▸ What needs to be done
Set down the data again word for word. Skip any pictures.

▸ Stored data
◆ ◆ ◆

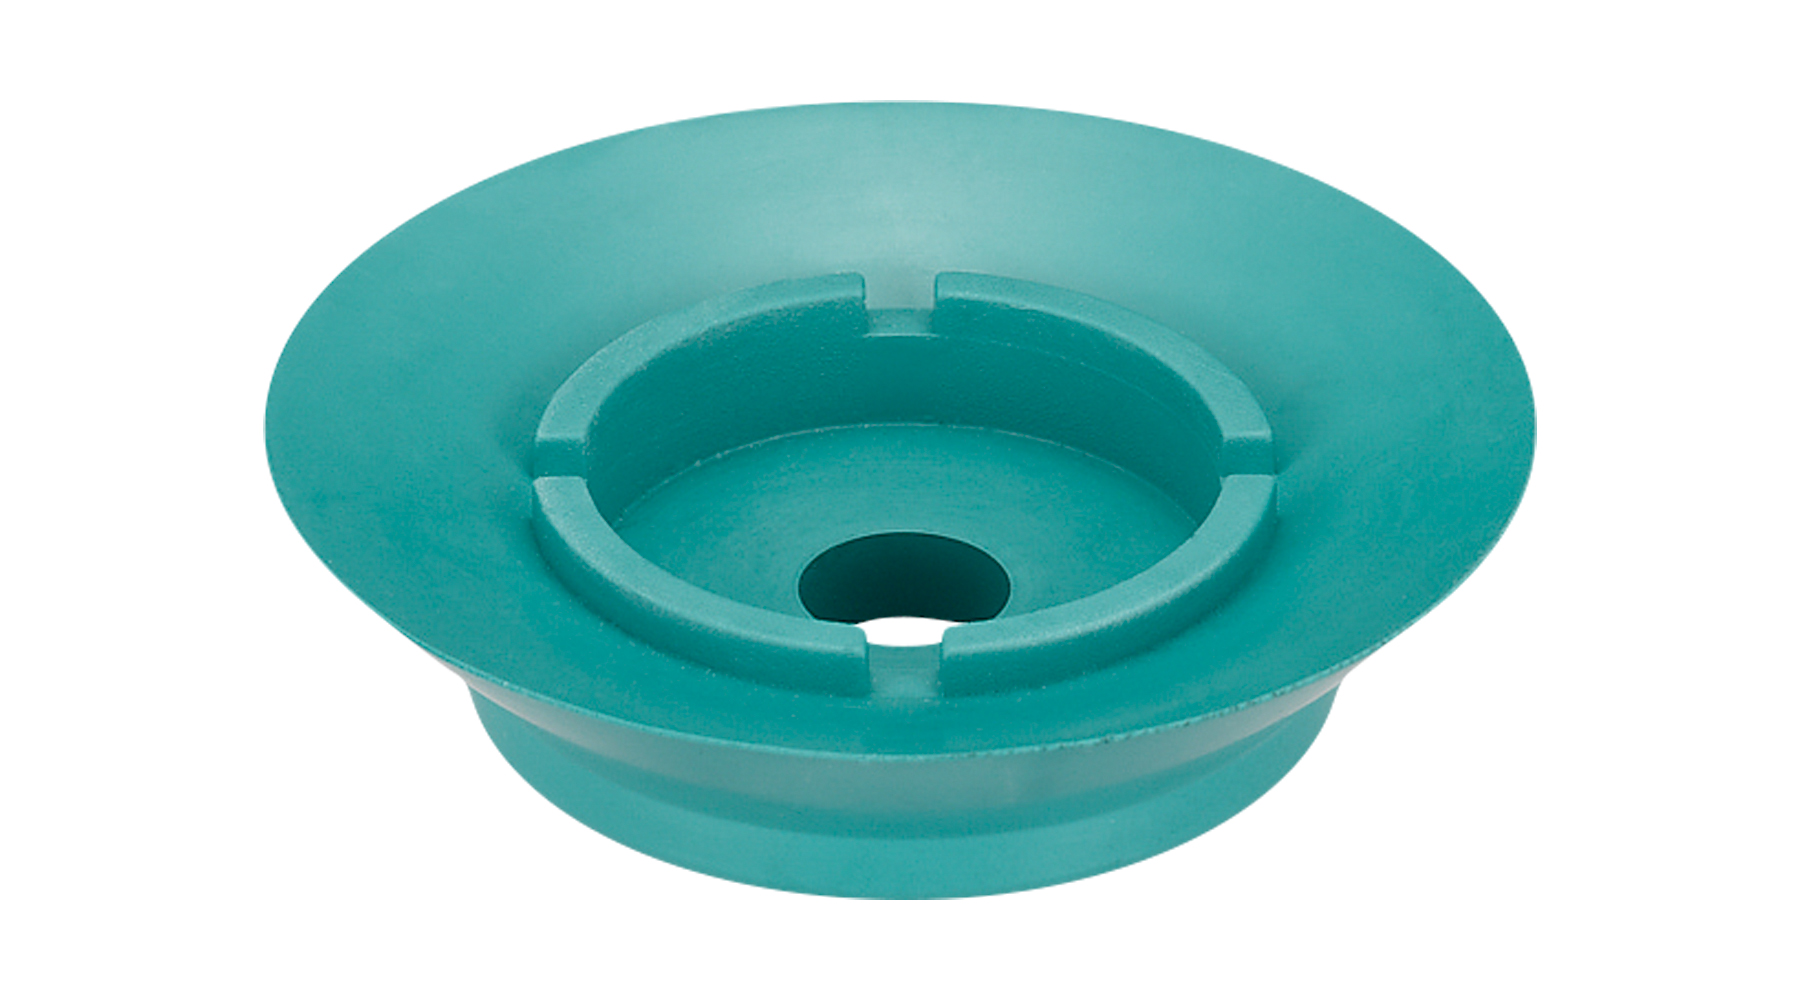 SUCTION CUP(SCREW MOUNT/NITRILE/GREEN)
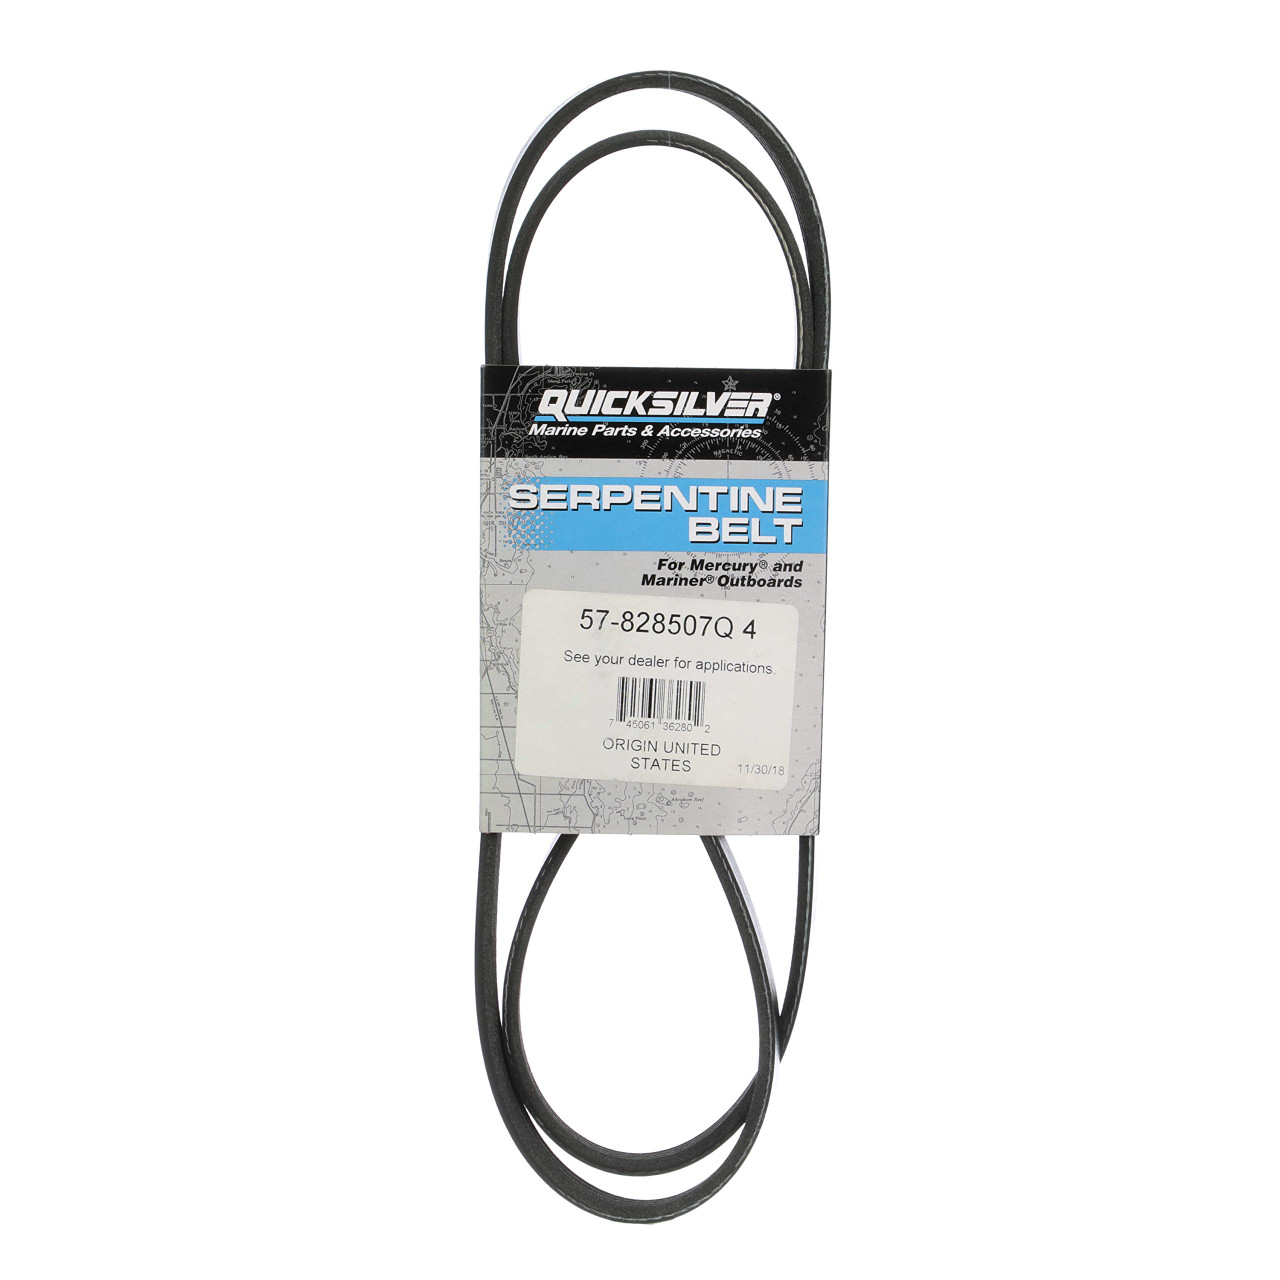 Genuine Timing belt for Mercury outboards
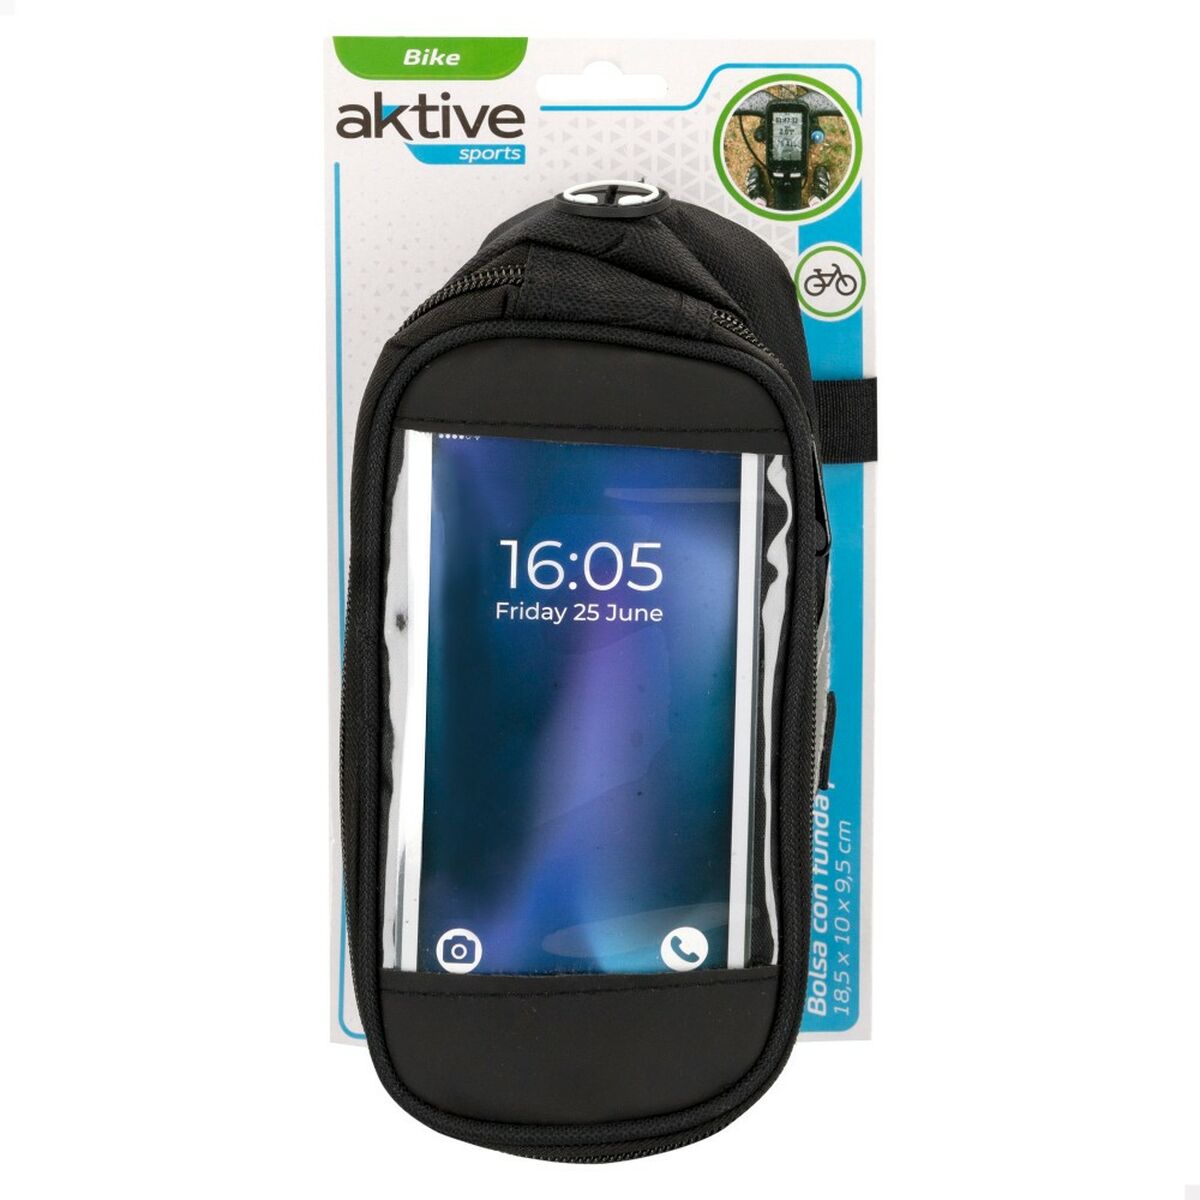 Mobile support Aktive Bicycle

◆ ◆ ◆

▸ Expected answer
 SUCTION CUP(SCREW MOUNT/NITRILE/GREEN)
 Genuine Timing belt for Mercury outboards
 Mobile support Aktive Bicycle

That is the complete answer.